1. What type of genes are around it?
2. What does this biologically mean?
**V.** Pick the name of the closest downstreams genes. Search in [TnCentral](https://tncentral.proteininformationresource.org/index.html).
What is this?
###### Different elements may be involved in the mobilization of blaCTX-M genes. ISEcp1 or ISEcp1-like insertion sequences have repeatedly been observed 42 to 266 bp upstream of ORFs encoding the CTX-M-1, CTX-M-2, CTX-M-3, CTX-M-9, CTX-M-13, CTX-M-14, CTX-M-15, CTX-M-17, CTX-M-19, CTX-M-20, and CTX-M-21 enzymes (1, 18, 29, 36, 49, 86), which is also the case for certain plasmid-mediated ampC genes (72, 98) (Fig. (Fig.2B).2B). This insertion sequence is composed of two imperfect inverted repeats and an ORF encoding a 420-amino-acid putative transposase. Its amino acid sequence displays only 24% identity with the IS492 transposase from Bacteroides fragilis, the most closely related transposase. Stapleton (P. D. Stapleton, Abstr. 39th Intersci. Conf. Antimicrob. Agents Chemother., abstr. 1457, 1999) suggests that the ISEcp1 element is able to achieve the transfer of the downstream DNA sequence by a one-ended transposition process. Plasmid conduction experiments have confirmed the potential involvement of ISEcp1 in the mobility of blaCTX-M (26). In addition, the mapping of the blaCTX-M-17 promoter region by primer extension has revealed −35 (TTGAAA) and −10 (TACAAT) promoter sequences at the 3′ end of an ISEcp1-like sequence (nucleotides 2690 to 2719 of GenBank sequence number AY033516) which probably provides the promoter for expression of blaCTX-M genes associated with the ISEcp1 element (26, 49).

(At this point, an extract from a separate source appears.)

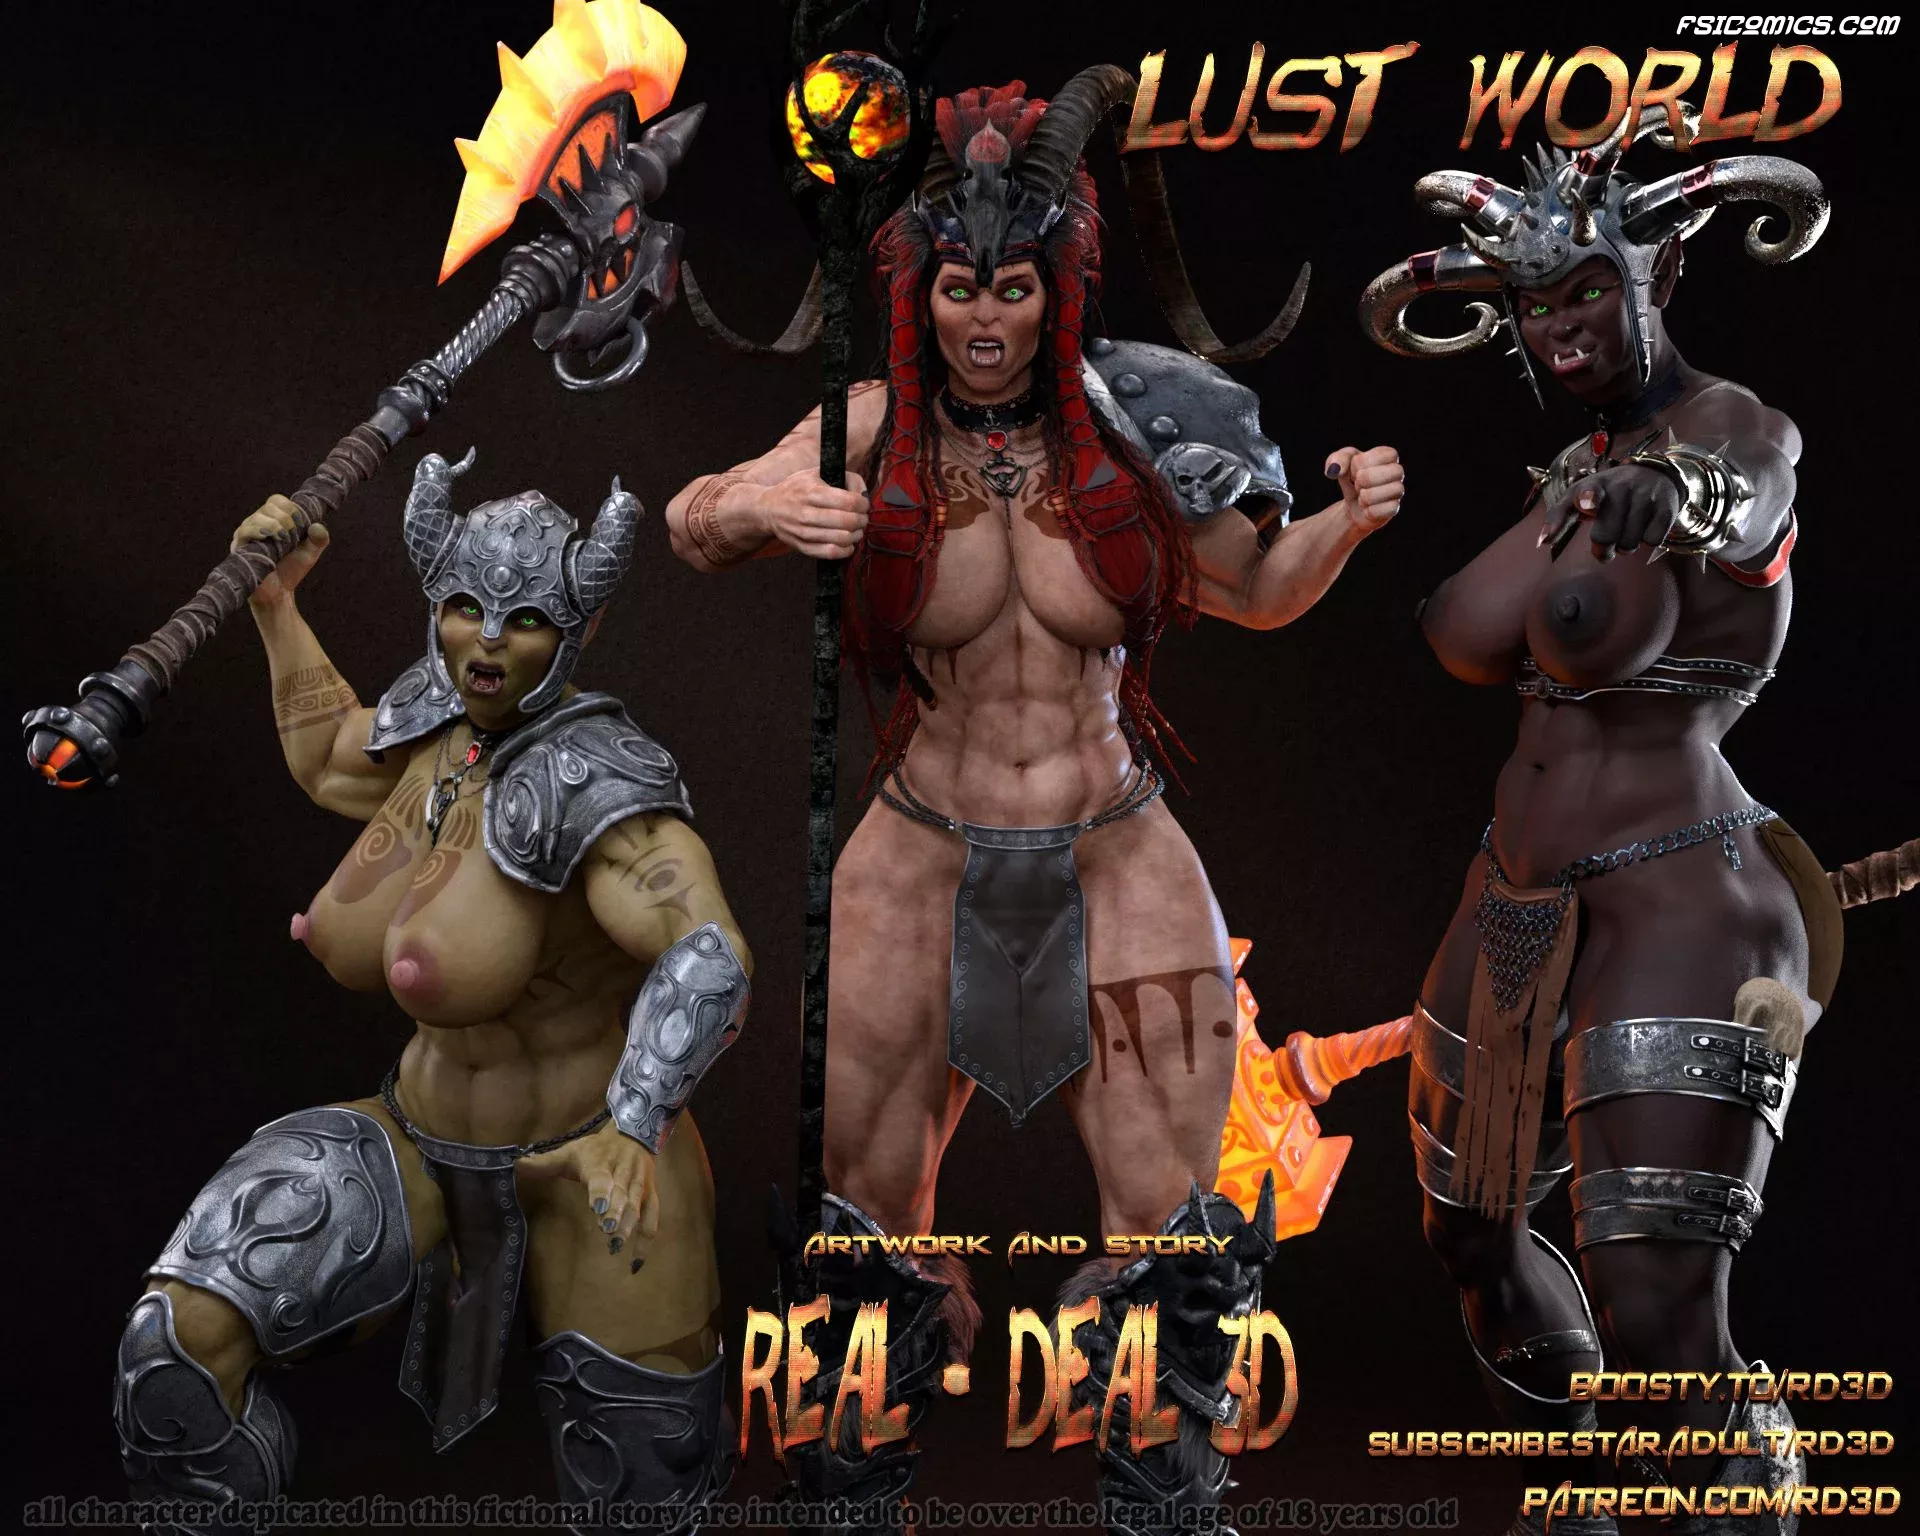 Lust World Chapter 1 - Real Deal 3D - 3 - FSIComics

#### Comparative genomics of the plasmid of Ecoli_A177 and A177.
What we wanted was to see if the plasmid was transferred to transconjugates - this is difficult since EcoliA111 and A111 does not have plasmids, and the Ecoli_A177 is a mixture of donor and recipient. Lets practice anyway!
**VI.** Align your plasmid assemblies from donor and recipient using nucmer (from MUMmer package). Download the alignment and upload it to the [Assemblytics GUI](http://assemblytics.com/). Before you can do this you need to split the hybrid assembly of A177 using `faSplit`. Identify which contig is most likely the same as in Ecoli_A177 and align these to eachother (look at size). Use [Assemblytics](http://assemblytics.com/) to vizualise.
*Wondering what if all other contigs also are plasmids? Execute PlasmidFinder on the six different files!*
## This is the end of the workshop. What did you think about it? Did you learn something?